Jiang Jianping, Wei Yunqi, Li Shumin, Mo Juanfen, Li Xiaosi, Cao Mengqing, Wang Haiqin
Department of Respiratory Medicine, The Second Affiliated Hospital of Jiaxing University, 1518 Huanchen North Road, Jiaxing, 314000, Zhejiang, China.
Department of Respiratory Medicine, Jiaxing University Master Degree Cultivation Base, Zhejiang Chinese Medical University, Jiaxing, 314000, Zhejiang, China.
J Transl Med. 2024 Dec 2;22(1):1092. doi: 10.1186/s12967-024-05788-2.
To investigate the clinical application value of microfluidic-based in vitro diagnostic (IVD) technology in pathogenic detection of respiratory tract infections.
A total of 300 clinical samples, including blood, bronchoalveolar lavage fluid, and pleural effusion, were collected from patients with respiratory tract infections. The samples were randomly divided into three groups: A, B, and C, with 100 cases in each group.
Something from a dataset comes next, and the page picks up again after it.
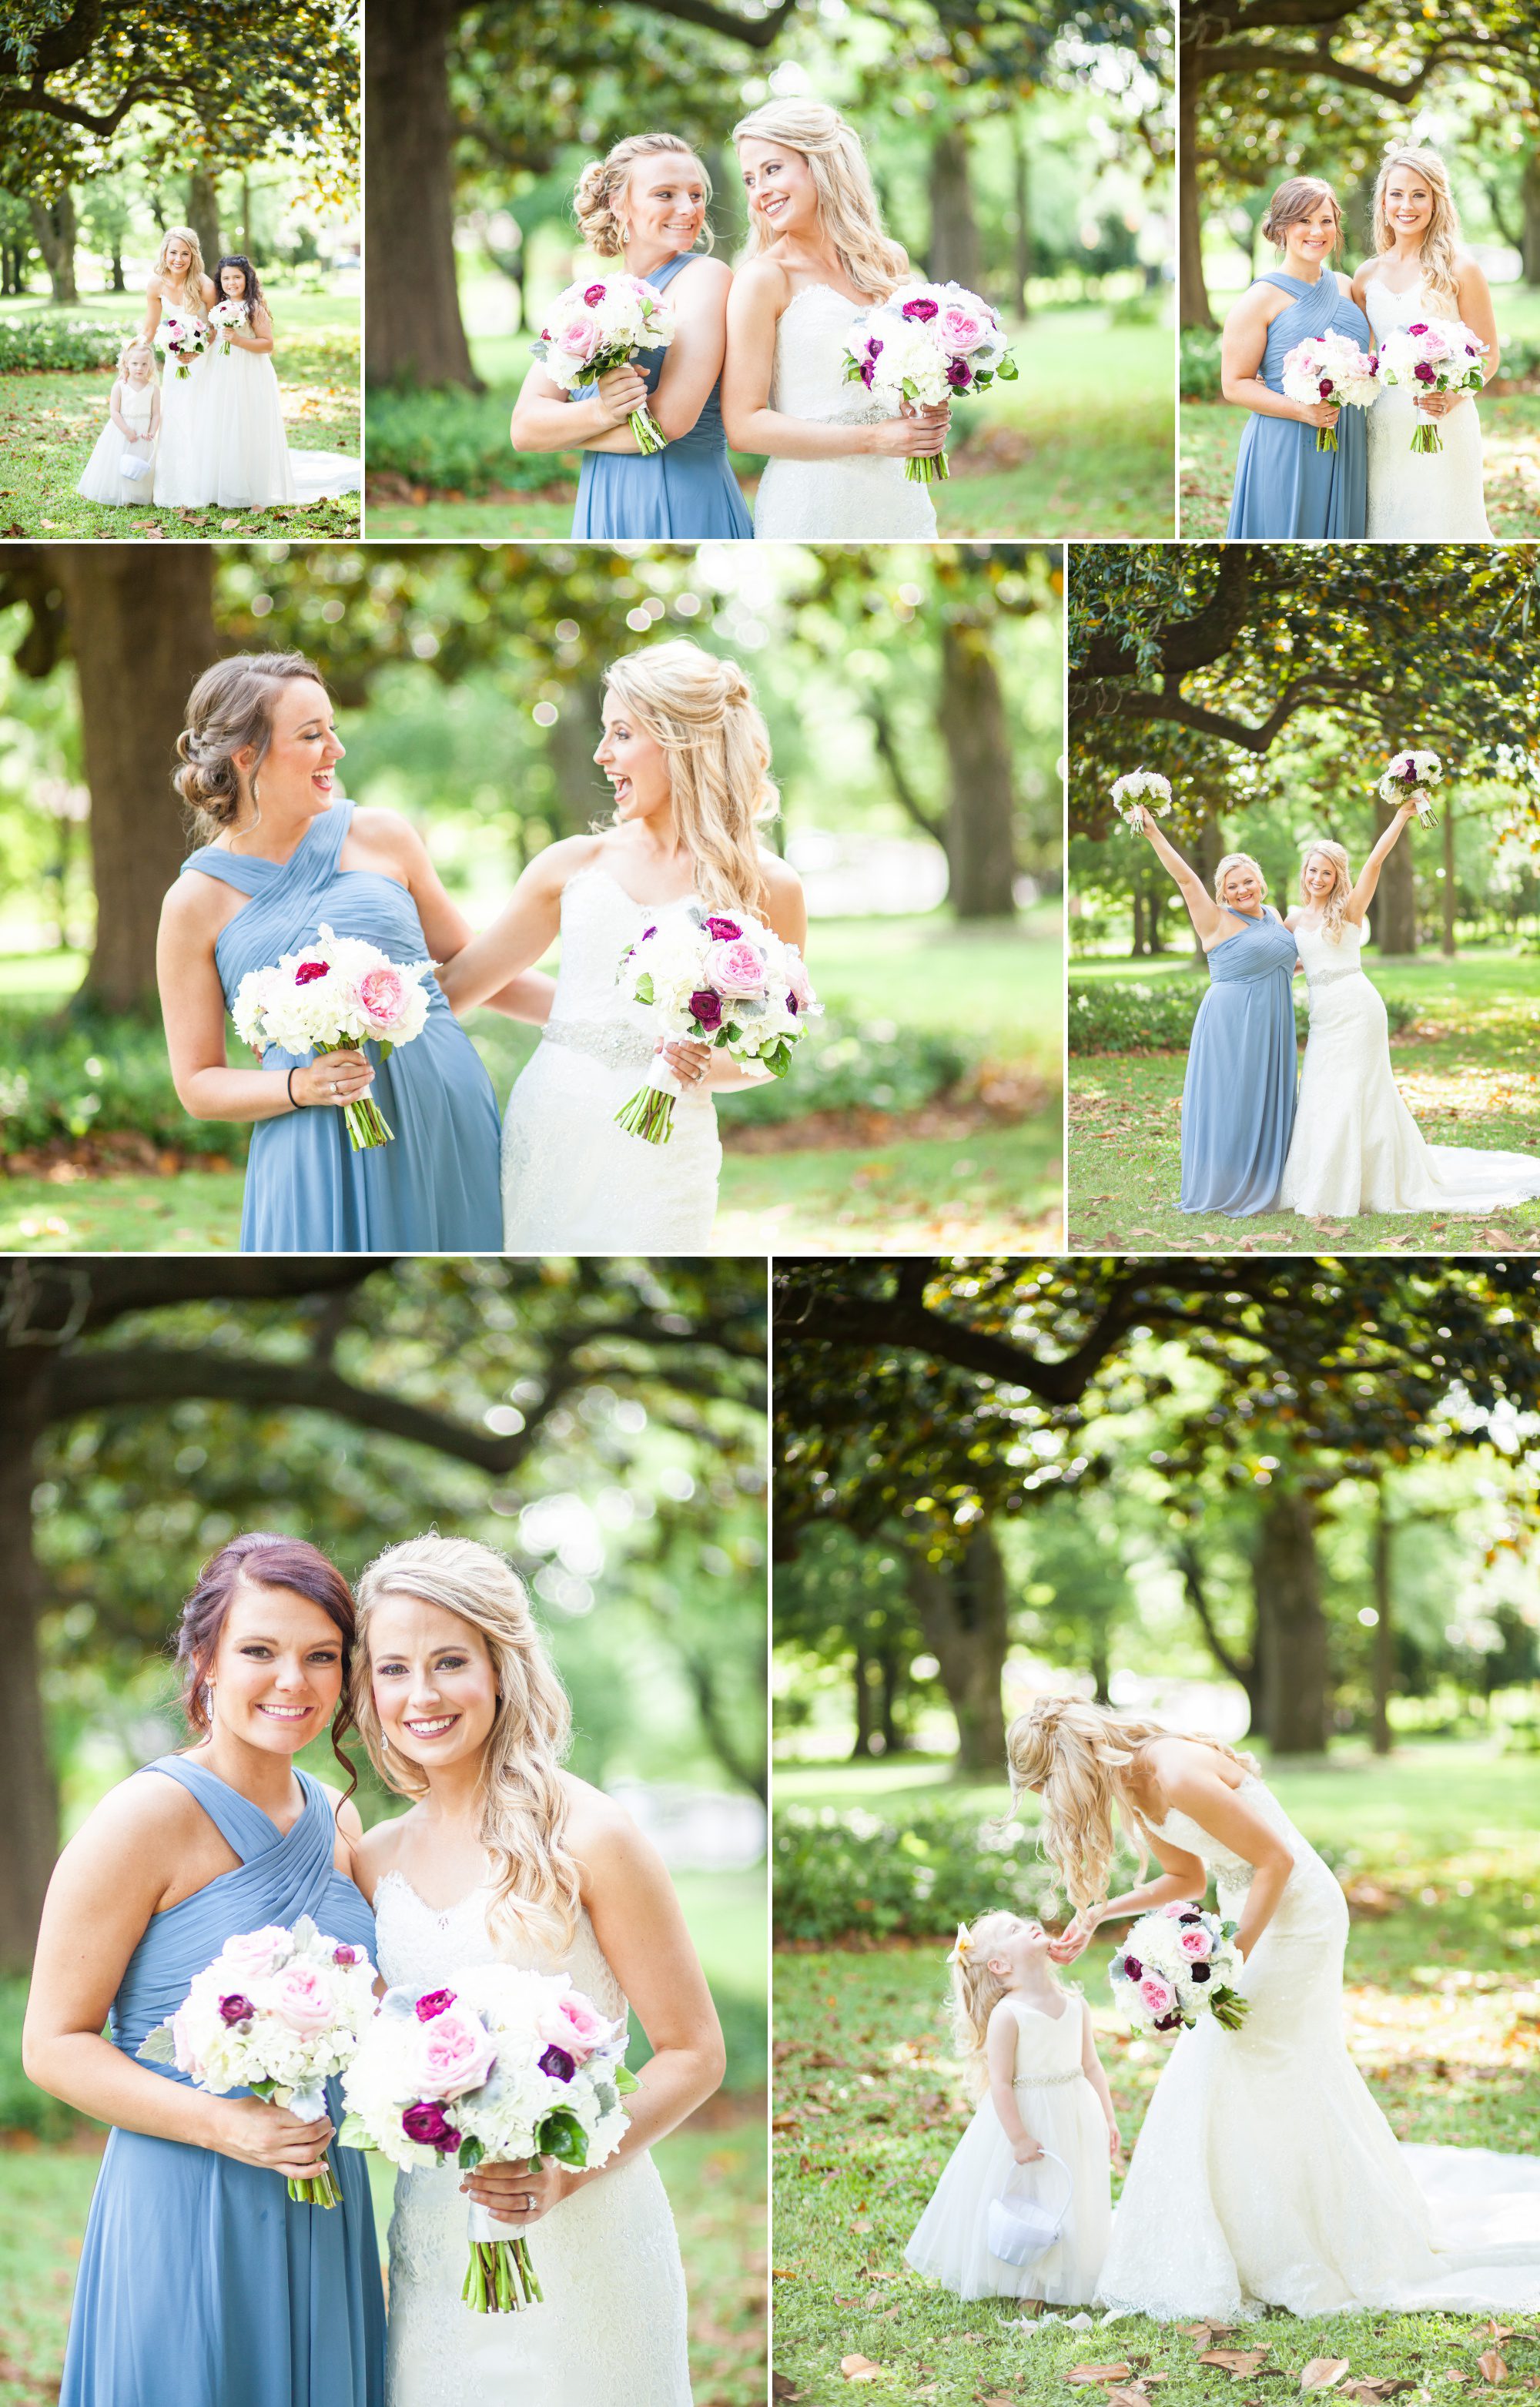 Bride with bridesmaids before wedding ceremony at Riverwood Mansion in Nashville, Tennessee. Photography by Krista Lee.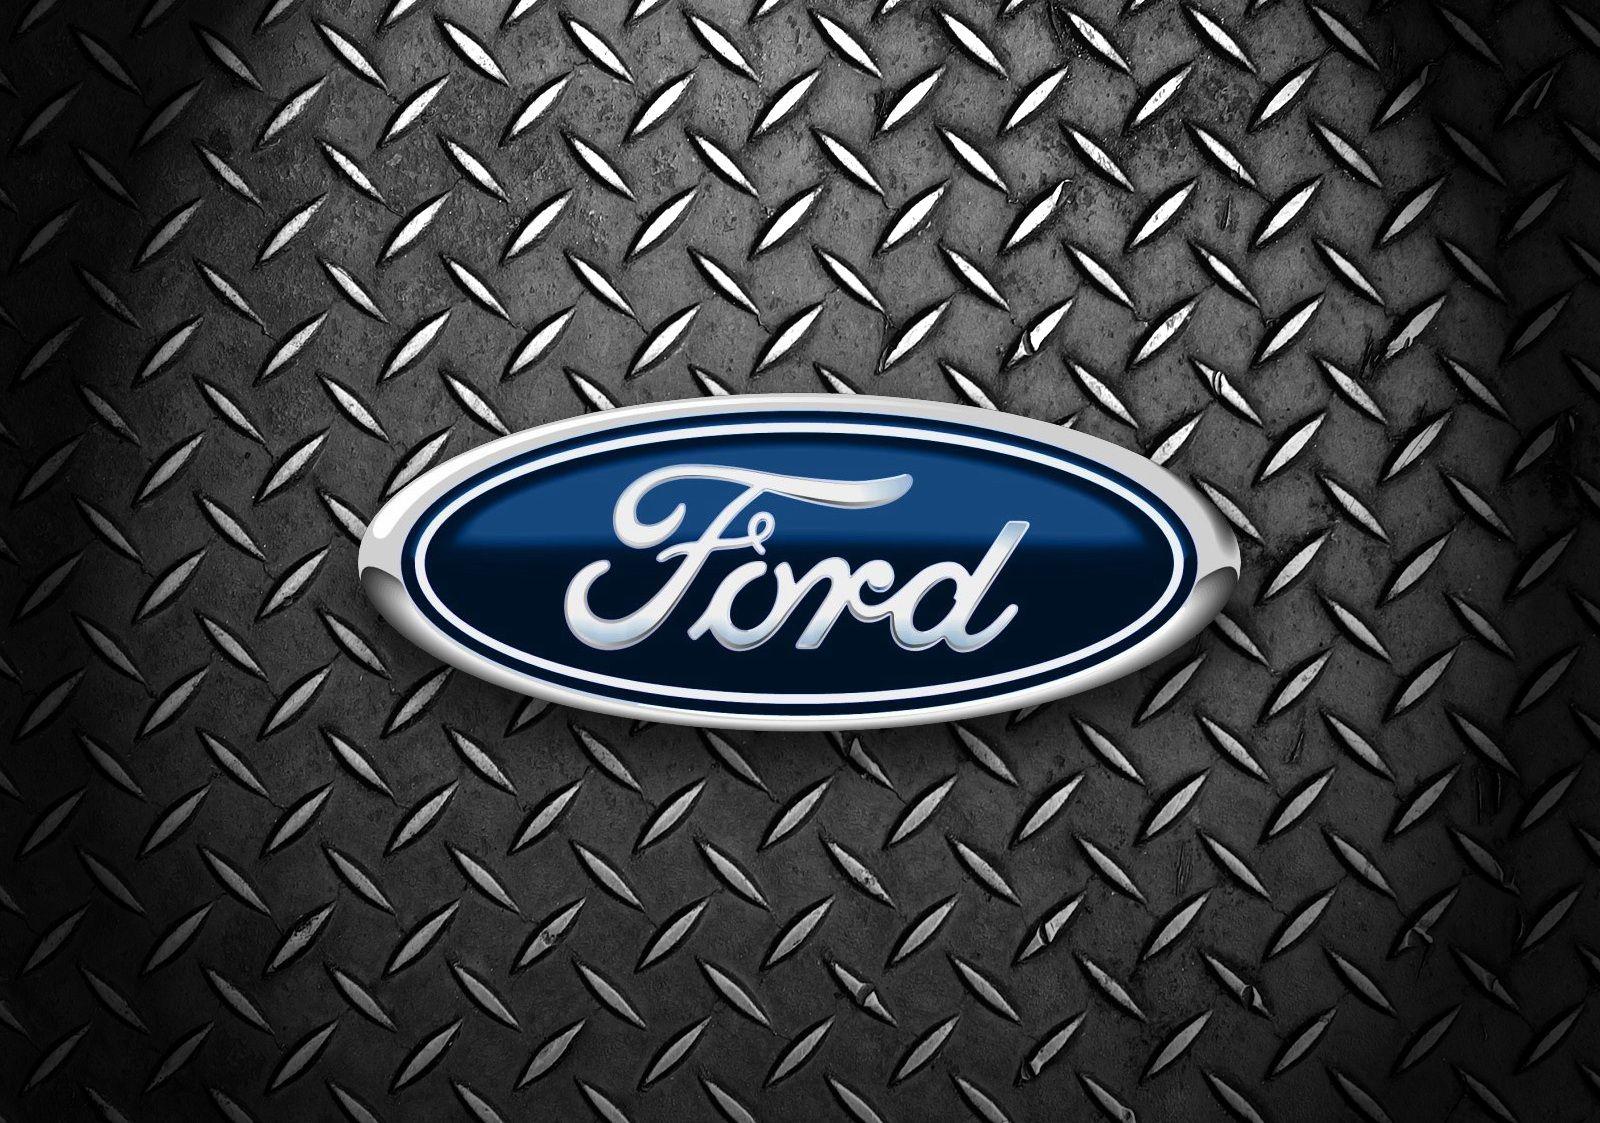 White Car Blue Oval Logo - Ford Logo, Ford Car Symbol Meaning and History | Car Brand Names.com

Group A used traditional microbiological detection methods, Group B used metagenomic next-generation sequencing (mNGS) technology, and Group C used both microfluidic-based IVD technology and traditional microbiological detection methods to detect pathogenic microorganisms in the clinical samples. The positive detection rate, detection time, and detection cost were compared among the groups. The diagnostic performance of each group was compared using the Receiver Operating Characteristic (ROC) curve.
Traditional microbiological detection identified 38 positive samples (38%), including 45 pathogens; mNGS technology identified 95 positive samples (95%), including 210 pathogens; microfluidic-based IVD technology identified 96 positive samples (96%), including 158 pathogens. Microfluidic-based IVD technology had a significantly higher positive detection rate for pathogenic microorganisms compared to traditional culture techniques (96% vs 38%, χ2 = 122.0, P < 0.01), and it was also faster and cheaper than mNGS technology. ROC analysis showed that compared to traditional microbiological culture results, microfluidic-based IVD technology had significantly increased sensitivity and specificity, similar to mNGS technology.
In respiratory infectious diseases, microfluidic-based IVD technology had a higher detection rate for pathogenic microorganisms than traditional culture methods, and it had advantages in detection time and cost compared to mNGS technology. It could also detect critical drug-resistant genes of pathogens. Hence, microfluidic-based IVD technology can be a viable option for diagnosis and treatment of respiratory infectious diseases.
探讨基于微流控的体外诊断(IVD)技术在呼吸道感染病原体检测中的临床应用价值。
收集300例呼吸道感染患者的临床样本,包括血液、支气管肺泡灌洗液和胸腔积液。将样本随机分为A、B、C三组,每组100例。A组采用传统微生物检测方法,B组采用宏基因组下一代测序(mNGS)技术,C组采用基于微流控的IVD技术和传统微生物检测方法检测临床样本中的致病微生物。比较各组的阳性检出率、检测时间和检测成本。采用受试者工作特征(ROC)曲线比较各组的诊断性能。
传统微生物检测鉴定出38份阳性样本(38%),包括45种病原体;mNGS技术鉴定出95份阳性样本(95%),包括210种病原体;基于微流控的IVD技术鉴定出96份阳性样本(96%),包括158种病原体。与传统培养技术相比,基于微流控的IVD技术对致病微生物的阳性检出率显著更高(96%对38%,χ2 = 122.0,P < 0.01),并且比mNGS技术更快、更便宜。ROC分析表明,与传统微生物培养结果相比,基于微流控的IVD技术的敏感性和特异性显著提高,与mNGS技术相似。
在呼吸道感染性疾病中,基于微流控的IVD技术对致病微生物的检出率高于传统培养方法,与mNGS技术相比在检测时间和成本方面具有优势。它还可以检测病原体的关键耐药基因。因此,基于微流控的IVD技术可成为呼吸道感染性疾病诊断和治疗的可行选择。